Finally, learning modifiers was also identified as a topic. Factors that modify learning, its effectiveness, and impact at different times in the recovery trajectory are of interest. These factors ranged from factors such as BDNF [32] to adjunctive therapies, such as transcranial direct current stimulation [31] and robotics [42, 51]. One of the top 30 articles addressed the time course of skill reacquisition after stroke [46]. Other factors that might be modifiers of learning such as stress, concentration, perception, emotion, mood, and fatigue were not identified as topics despite being included as search terms.

4.3. The Evolution of Themes and Topics over Time

Further analysis was carried out to explore the evolution and associations of topics over time. Our objective was to observe how the topics in neuroplasticity, stroke recovery, and learning had evolved over time (1975-2018) using the collected sample of research studies from 1975 to 2018. Only a few topics were identified in the early time period (1975-1990). The link between neuroplasticity and stroke was established via research focused on “Brain,” while the link between neuroplasticity and learning was established via studies on “Stimulation” and “Consolidation.” In contrast, the Emerging era (1997-2003) showed the appearance of many more topics in neuroplasticity and the links have more weight indicating the availability of more research studies. The analysis of research in the Recent era (2012-2018) disclosed the emergence of many new topics. The link between neuroplasticity and stroke recovery was further expanded by studies on “cortical activation” and “neurostimulation.” It was also observed that the link between stroke recovery and learning was established in this time period, thus linking all three concepts together.

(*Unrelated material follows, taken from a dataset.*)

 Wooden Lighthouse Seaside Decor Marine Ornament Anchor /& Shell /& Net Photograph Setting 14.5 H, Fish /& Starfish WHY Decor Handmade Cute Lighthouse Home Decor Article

As this analysis was automated by the text mining approach described, further analysis and comparison using different time periods will allow disclosing other interesting patterns and insights regarding the associations among the three concepts. We present this time-based topic analysis as further contribution to the proposed approach as it enables researchers to mine useful time-based patterns from many publications without manual processing.

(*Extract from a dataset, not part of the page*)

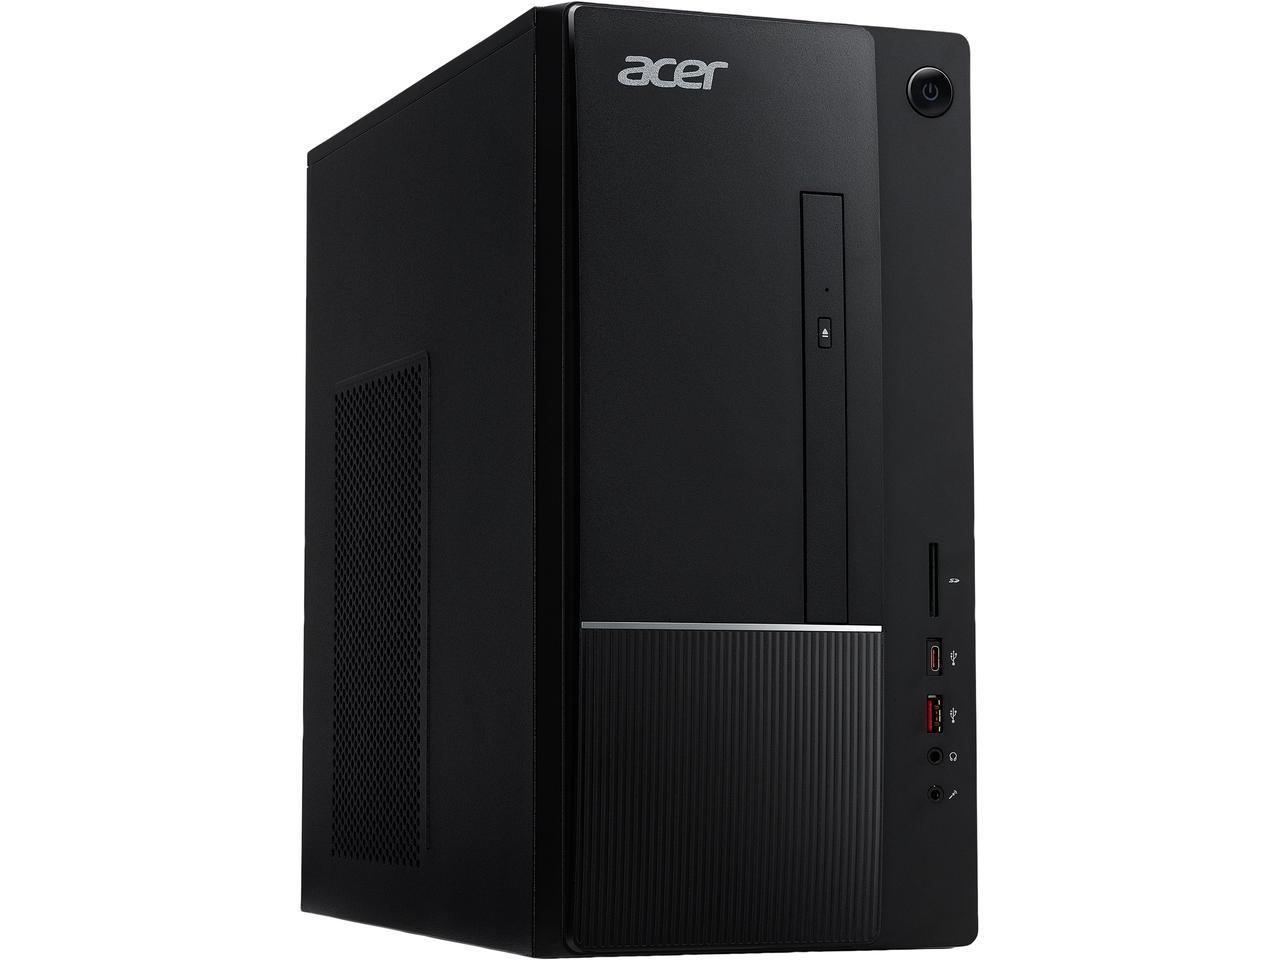 Acer Aspire T TC-865 Desktop: Intel Core i3-8100, 8GB DDR4, 1TB HDD, Type-C, Win 10 $344.99 w/ Masterpass Checkout + Free Shipping @ Newegg

4.4. Recommendations for Future Research

Some recommendations for future research emerge from our review. The development of computational models of salient neural processes [40], including plasticity and learning systems of the brain in the context of stroke rehabilitation, is recommended. While focus to date has been primarily on motor function, we should not lose sight of the need to target other functions, such as language and sensation. Further, systematic investigation of outcomes across a profile of outcomes, including impairment and performance, activities, and participation is recommended [71] to achieve the valued outcomes articulated by people living with stroke [72]. We should also give greater attention to the processes of learning and how they map to different types of neural plastic changes, i.e. experience-dependent, learning-dependent, and activity-dependent plasticity. This is important as the different types of plasticity are aligned with specific goals, experiences, and learning conditions and may be more able to be enhanced at different times in the recovery trajectory. It is unlikely that one type of learning or principle of training, such as intensity, is likely to meet the skill and activity outcomes valued.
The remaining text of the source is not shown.